- Born: Hagar Hadi Hajjar September 4, 1981 (age 44) Greenwich, Connecticut, U.S.
- Education: Barnard College (BS) Columbia University (MS)
- Occupations: Political satirist; Foreign policy analyst; Television personality;
- Years active: 2005 – Present
- Spouse: Julien Chemali (m. 2010)
- Children: 3

= Hagar Chemali =

American political writer (born 1981)

Hagar Hajjar Chemali (born Hagar Hadi Hajjar; September 4, 1981) is an American political satirist, writer, producer, television personality, and political commentator. Chemali has held senior national security and public affairs positions under the Barack Obama and George W. Bush administrations. She comments and writes on national security and foreign policy.

==Early life and education==
Chemali was born in Greenwich, Connecticut, to Hadi and Mirella (née Joakim) Hajjar. Chemali's great-granduncle was the first president of Lebanon, Bechara el-Khoury.

Chemali studied Political Science at Barnard College, earning her bachelor's degree in 2003. She attended Columbia University's School of International and Public Affairs where she concentrated on International Security Policy with a focus on the Middle East. She graduated from Columbia with her Master of International Affairs in 2004.

==Career==
===U.S. Government===
In 2003, Chemali held an internship position at the United Nations Department for Political Affairs. She was later hired by the United States government as a Legislative Fellow for the Office of Congressman Christopher Shays in Connecticut, where she stayed until 2006.

Chemali joined the United States Department of the Treasury in 2006 as a Special Advisor to then Deputy Assistant Secretary for Terrorist Financing and Financial Crimes, Daniel Glaser. She became a Policy Advisor on the Middle East in 2007 where she remained until 2010.

Chemali held a number of policy-making and public affairs positions during Barack Obama's presidency. In 2010, she became the Director for Syria and Lebanon at the National Security Council (NSC), where she worked on U.S. foreign policy toward Syria and Lebanon, including during the first year and a half of the Syria crisis.

At the end of 2012, Chemali returned to the Treasury Department and became a Senior Policy Advisor on Asia with the Treasury Department's Office of Terrorist Financing and Financial Crimes. In 2014, she became the Spokesperson for Terrorism and Financial Intelligence at the U.S. Treasury Department. From 2015 to 2016, Chemali was the Spokesperson and Director of Communications for the U.S. Mission to the United Nations under President Obama.

===In media===
After leaving the U.S. Government in 2016, Chemali has occasionally served as a political commentator, speaking mostly as a foreign policy analyst.

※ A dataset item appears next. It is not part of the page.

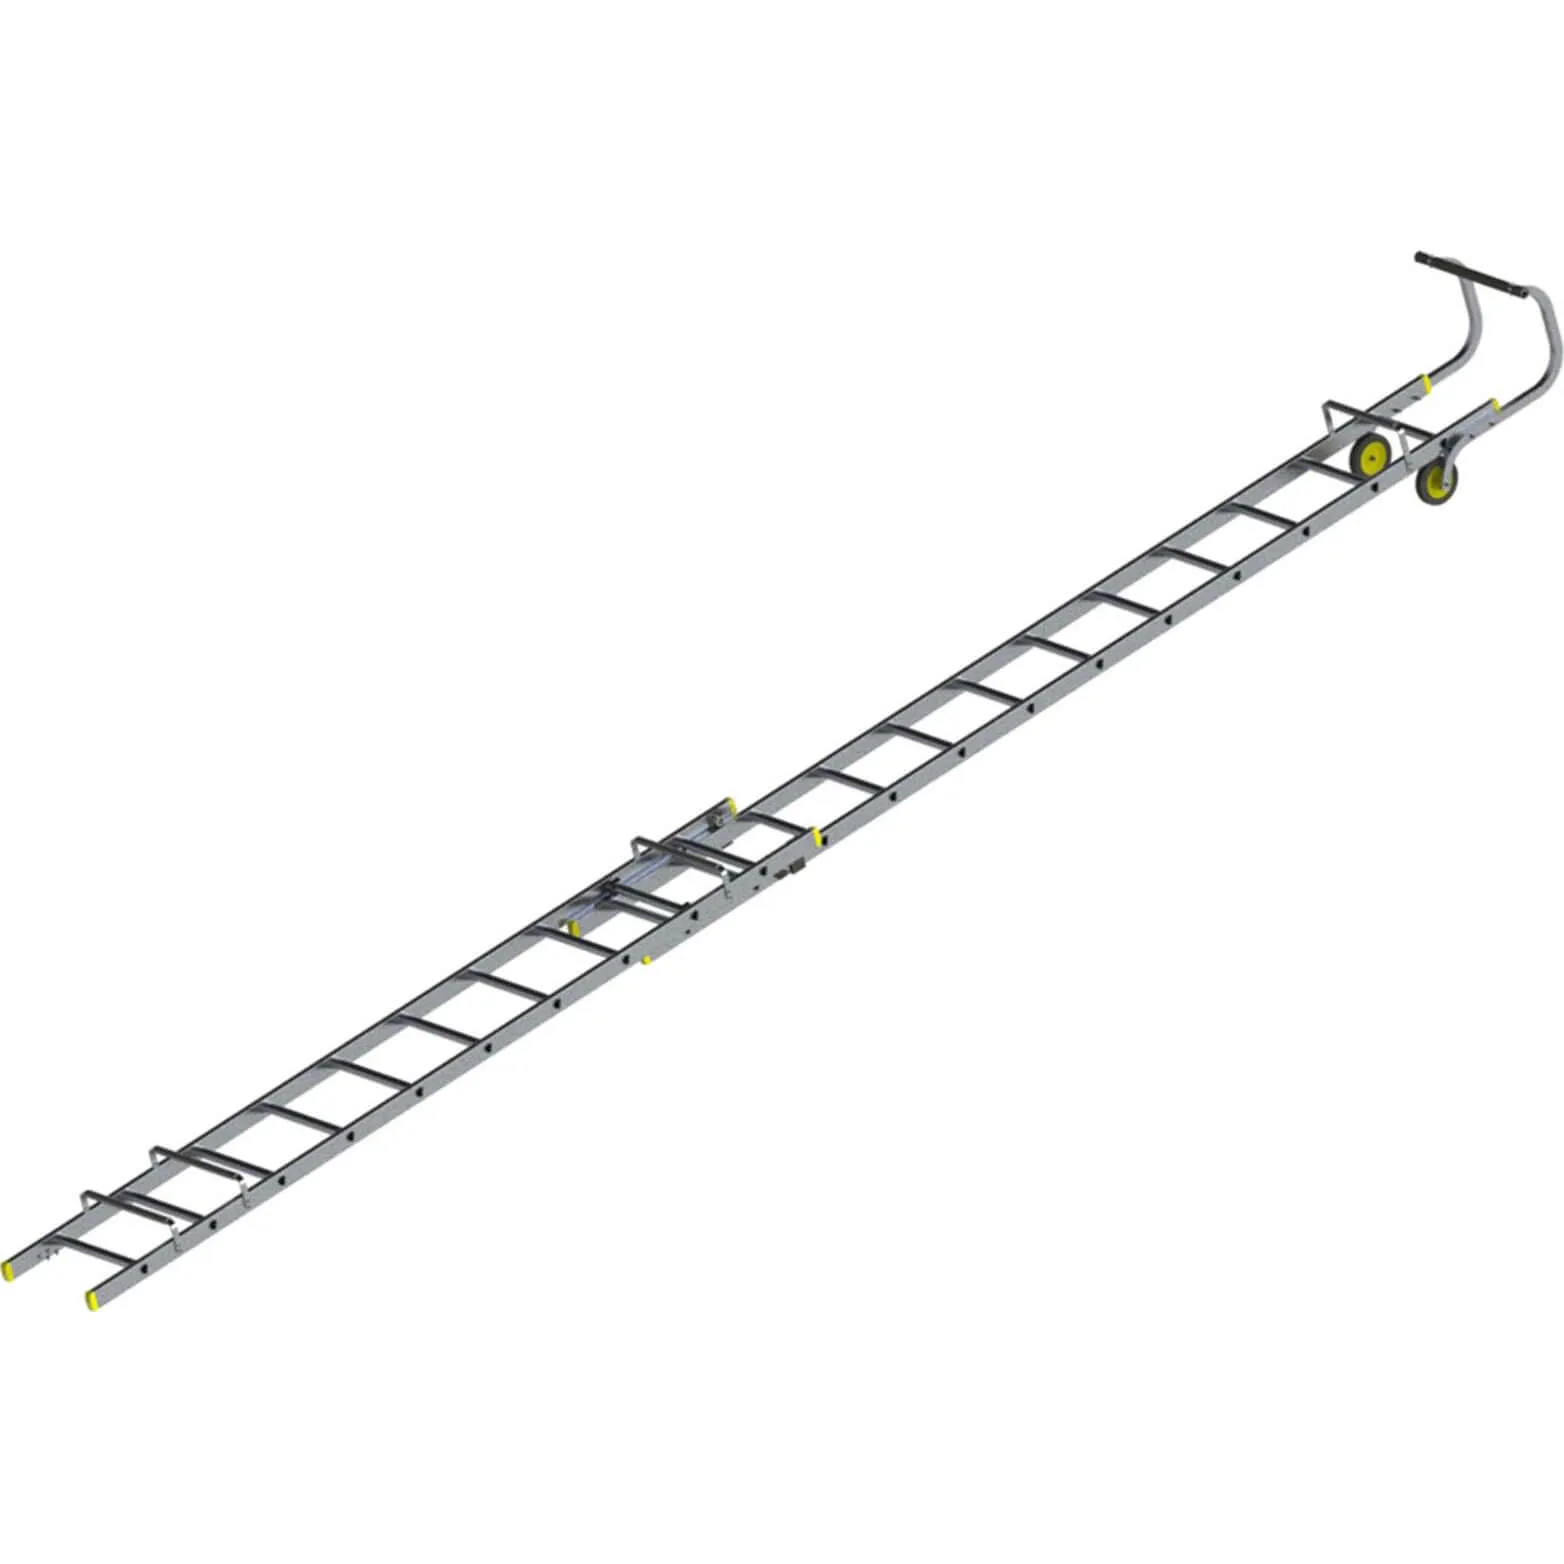 Youngman 2 Section Roof Ladder - 22
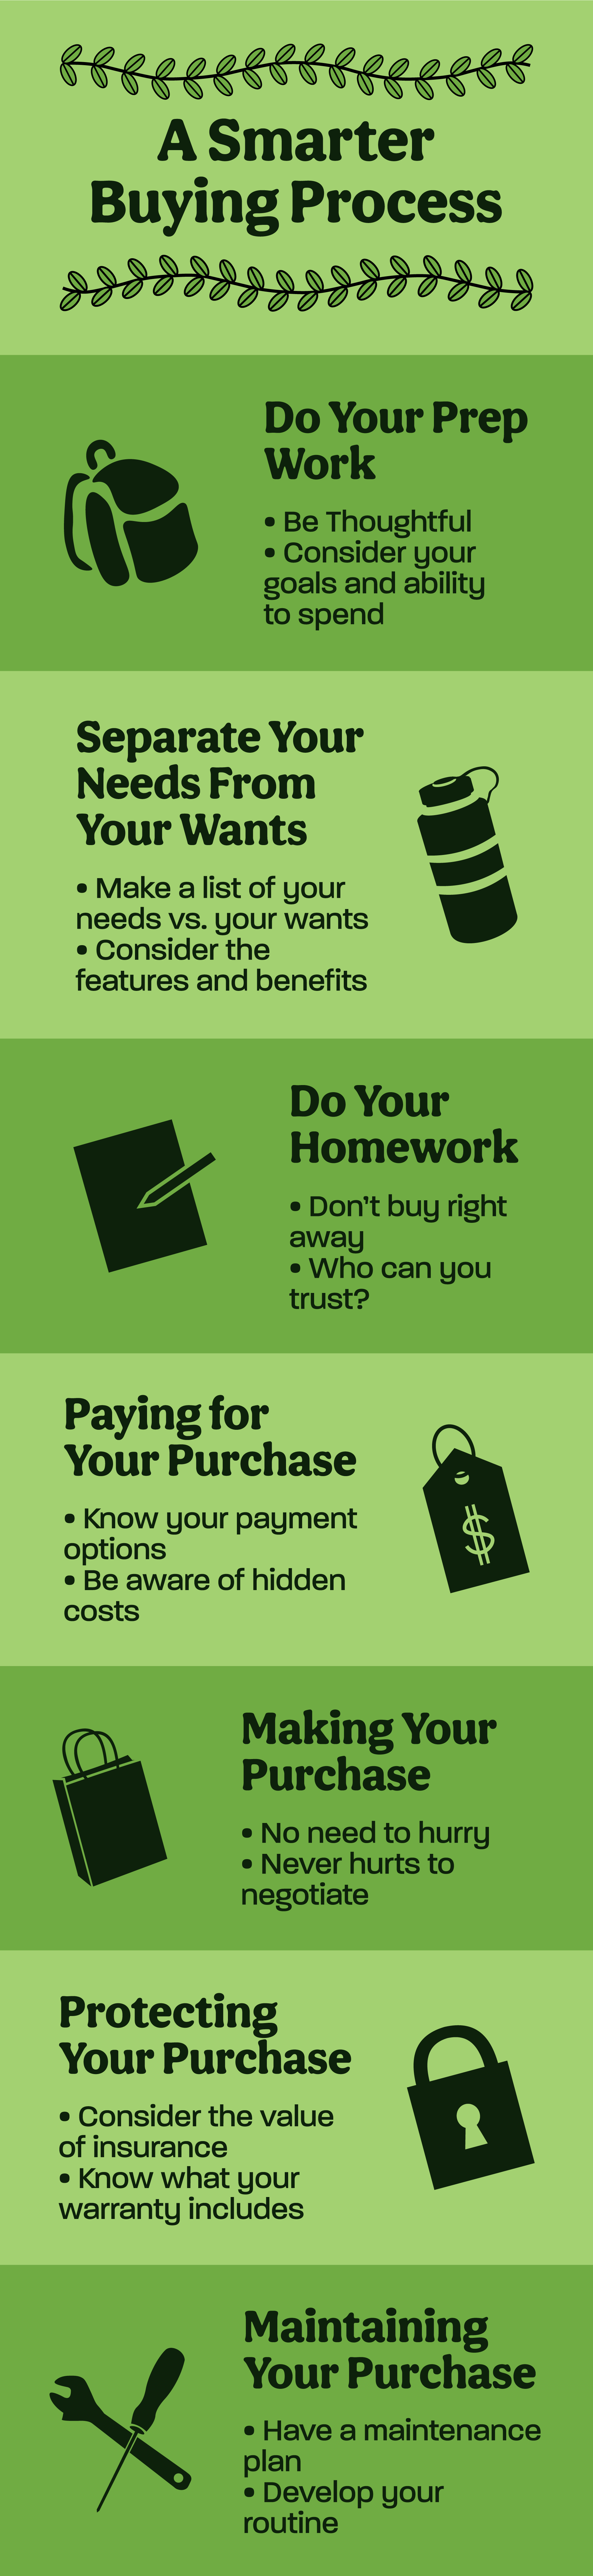 A Smarter Buying Process

She appears as a frequent contributor on Bloomberg programs such as "Balance of Power," where she engages in detailed discussions on geopolitical developments including the Israel-Hamas conflict and regional diplomacy.

Chemali founded Greenwich Media Strategies in 2016, a communications consulting firm. In 2019, she became a Senior Nonresident Fellow with the Atlantic Council's GeoEconomics Center. In 2020, she launched a weekly world news show on YouTube called Oh My World!

==Personal life==
Hagar married private equity operating executive, Julien Chemali, in 2010. They have three children. Chemali is on the board of directors for the Greenwich United Way and the Serve America Movement (SAM), as well as her alma mater Greenwich Academy.